Voor de beoordeling van de dossiers past deze commissie de criteria toe die gelden op het ogenblik van het onderzoek. Bovendien worden die generische geneesmiddelen door de diensten van het Federaal agentschap voor geneesmiddelen en gezondheidsproducten aan dezelfde kwaliteitscontroles onderworpen als alle andere geneesmiddelen, in het bijzonder wat de naleving betreft van de regels betreffende goede fabricagepraktijken (Good Manufacturing Practice - GMP).

Kan men zonder risico overschakelen van de ene specialiteit naar de andere?

Voor vele actieve bestanddelen bestaan er meerdere specialiteiten met dezelfde dosering en galenische vorm.

In België zijn er ongeveer 2.540 verschillende unieke originele specialiteiten op de markt, al dan niet aangevuld met andere originelen, kopieën en generieken. We vinden hierin circa 1.450 actieve bestanddelen terug. In de meeste gevallen gaat het om originele specialiteiten, generieken en kopieën met dezelfde dosering en galenische vorm die perfect onderling verwisselbaar zijn.

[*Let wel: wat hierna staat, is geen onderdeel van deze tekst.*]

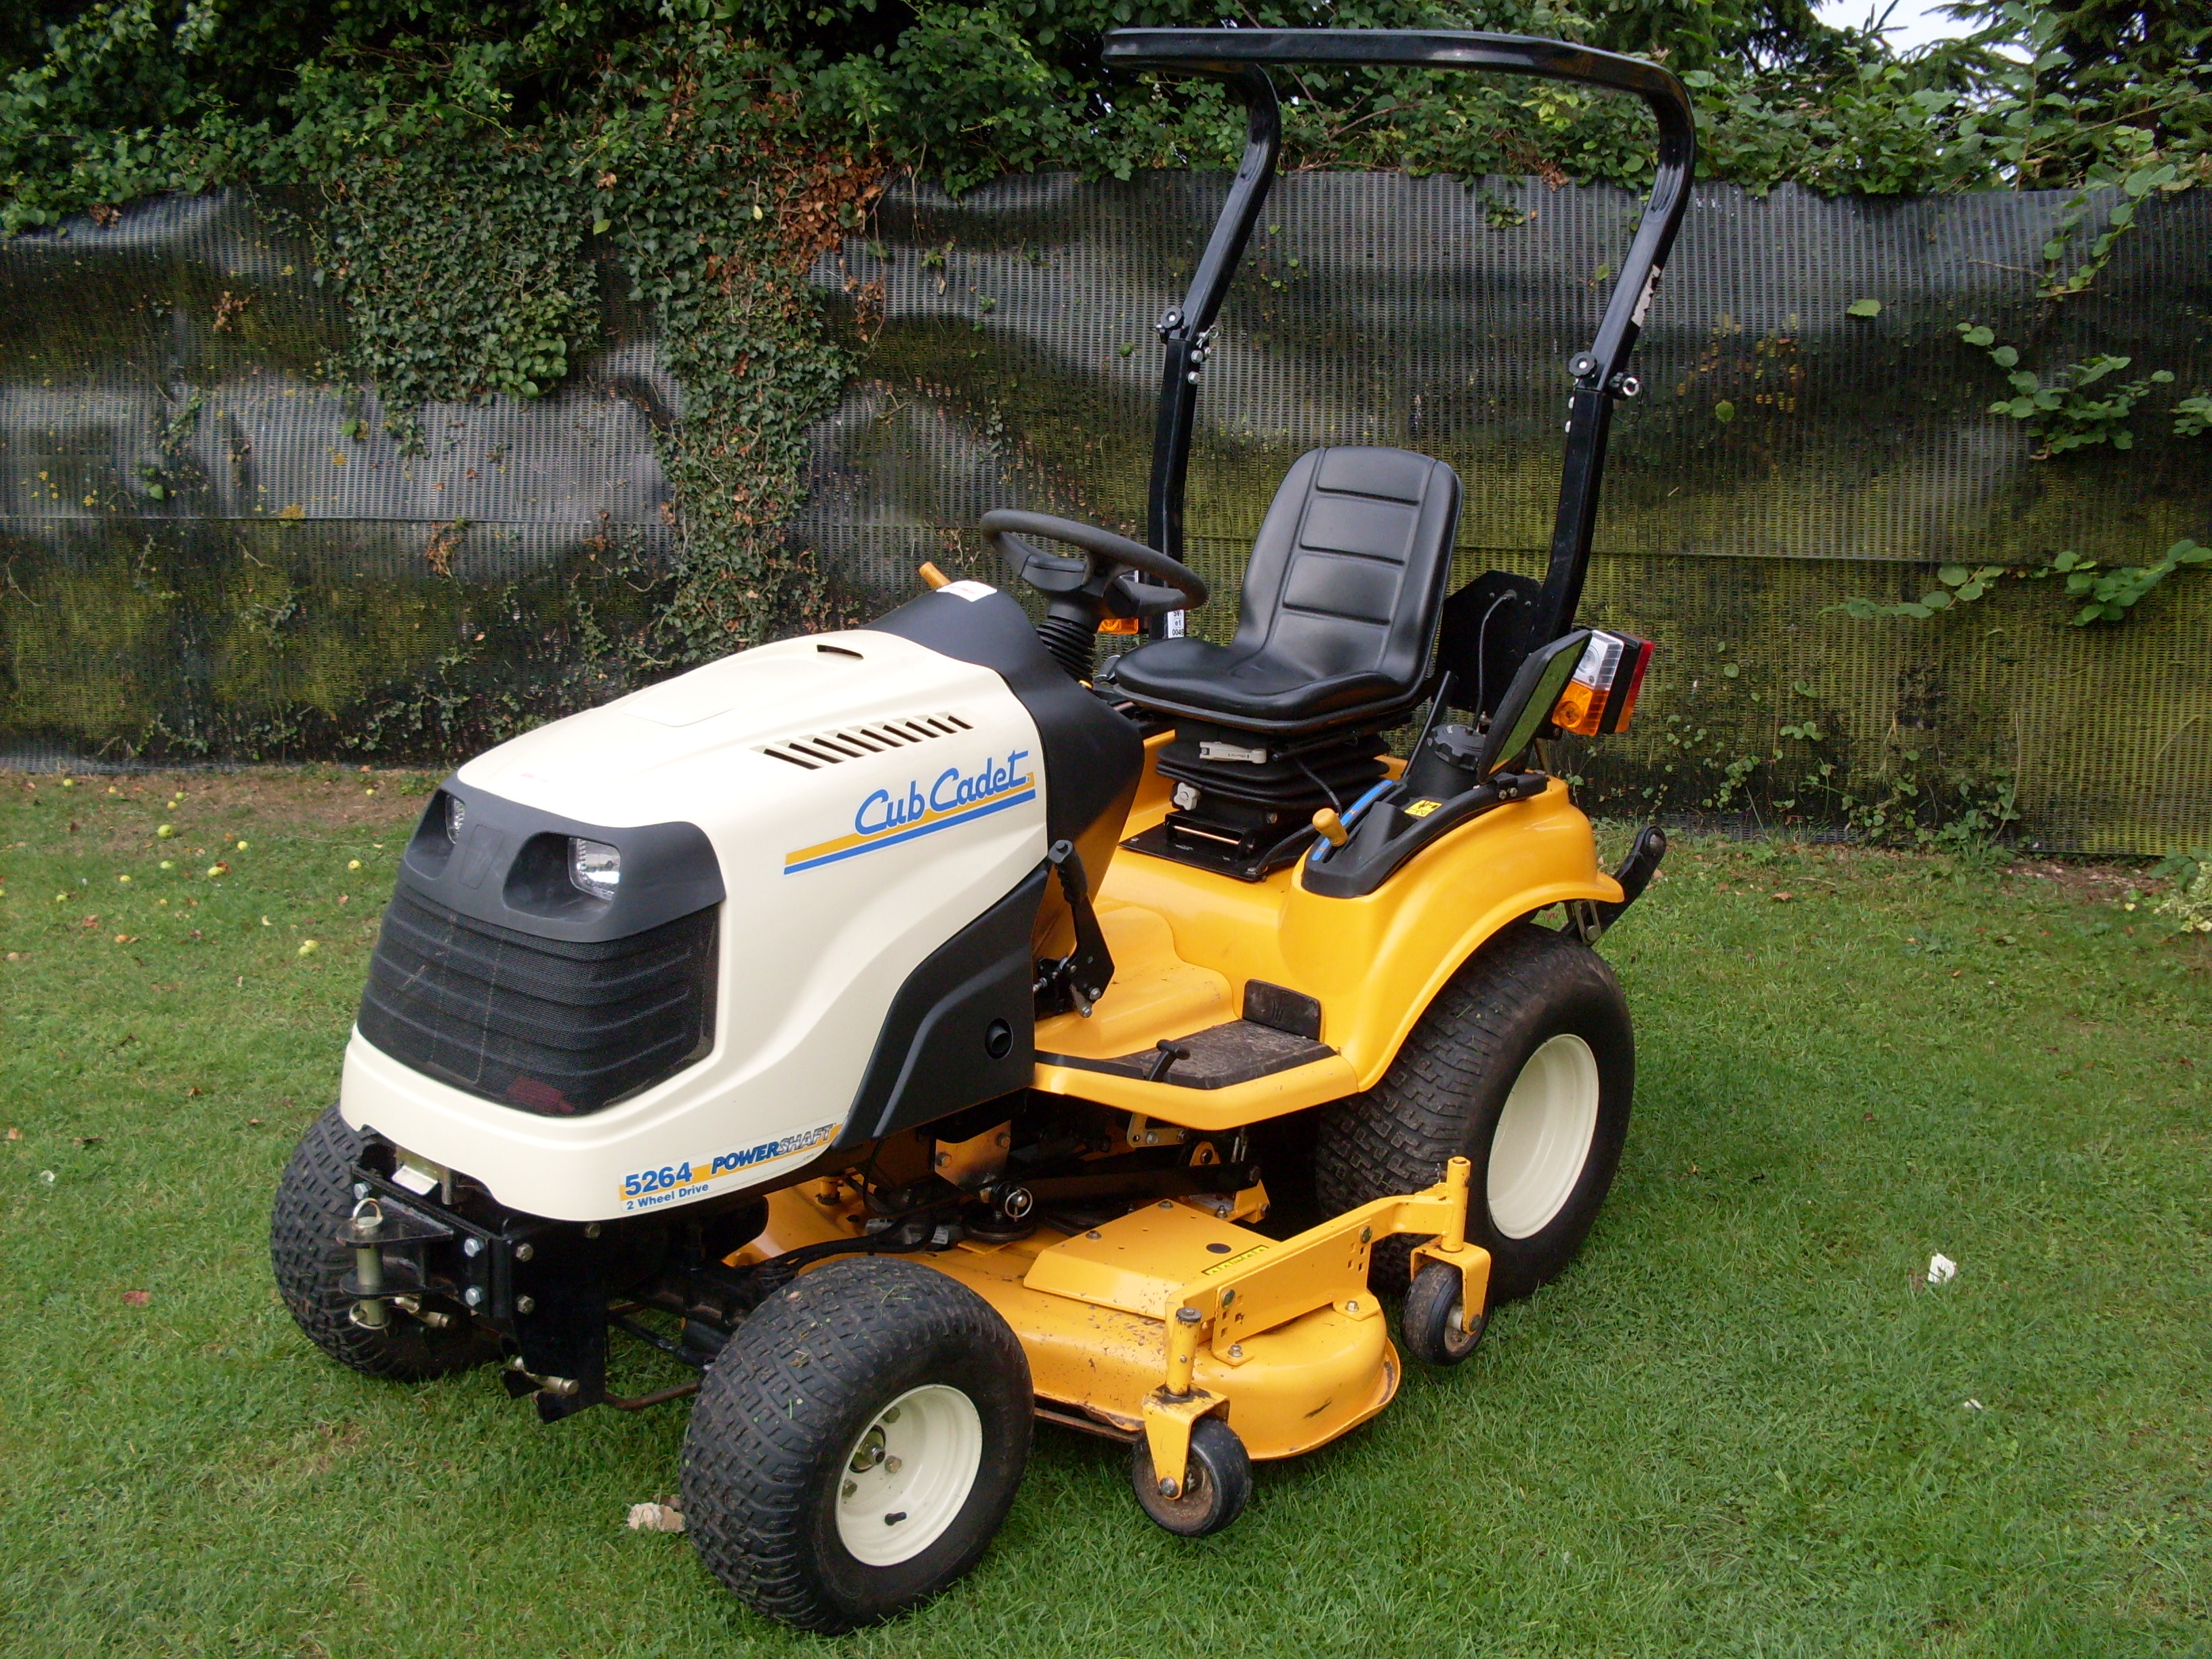 ... Garden Machinery – Used machines » Blog Archive » Cub Cadet 5264

Voor sommige geneesmiddelen met een nauwe therapeutisch-toxische grens (bv. amiodaron, carbamazepine, ciclosporine, clozapine, flecaïnide, levothyroxine, lithium, sotalol, theofylline, valproïnezuur) en voor de geneesmiddelen met een niet-lineaire kinetiek (bv. fenytoïne), moet men voorzichtig zijn bij het overschakelen van de ene specialiteit naar de andere. Het onmiddellijk opstarten van de behandeling met een goedkope variant vormt daarentegen niet het minste probleem.

Bij zeer zeldzame patiënten kan de overschakeling van een product dat een bepaalde hulpstof niet bevat naar een specialiteit die de hulpstof wel bevat, een probleem vormen. Denken we maar aan patiënten met fenylketonurie die absoluut geen aspartaam mogen innemen. De bijsluiter vermeldt die hulpstoffen altijd.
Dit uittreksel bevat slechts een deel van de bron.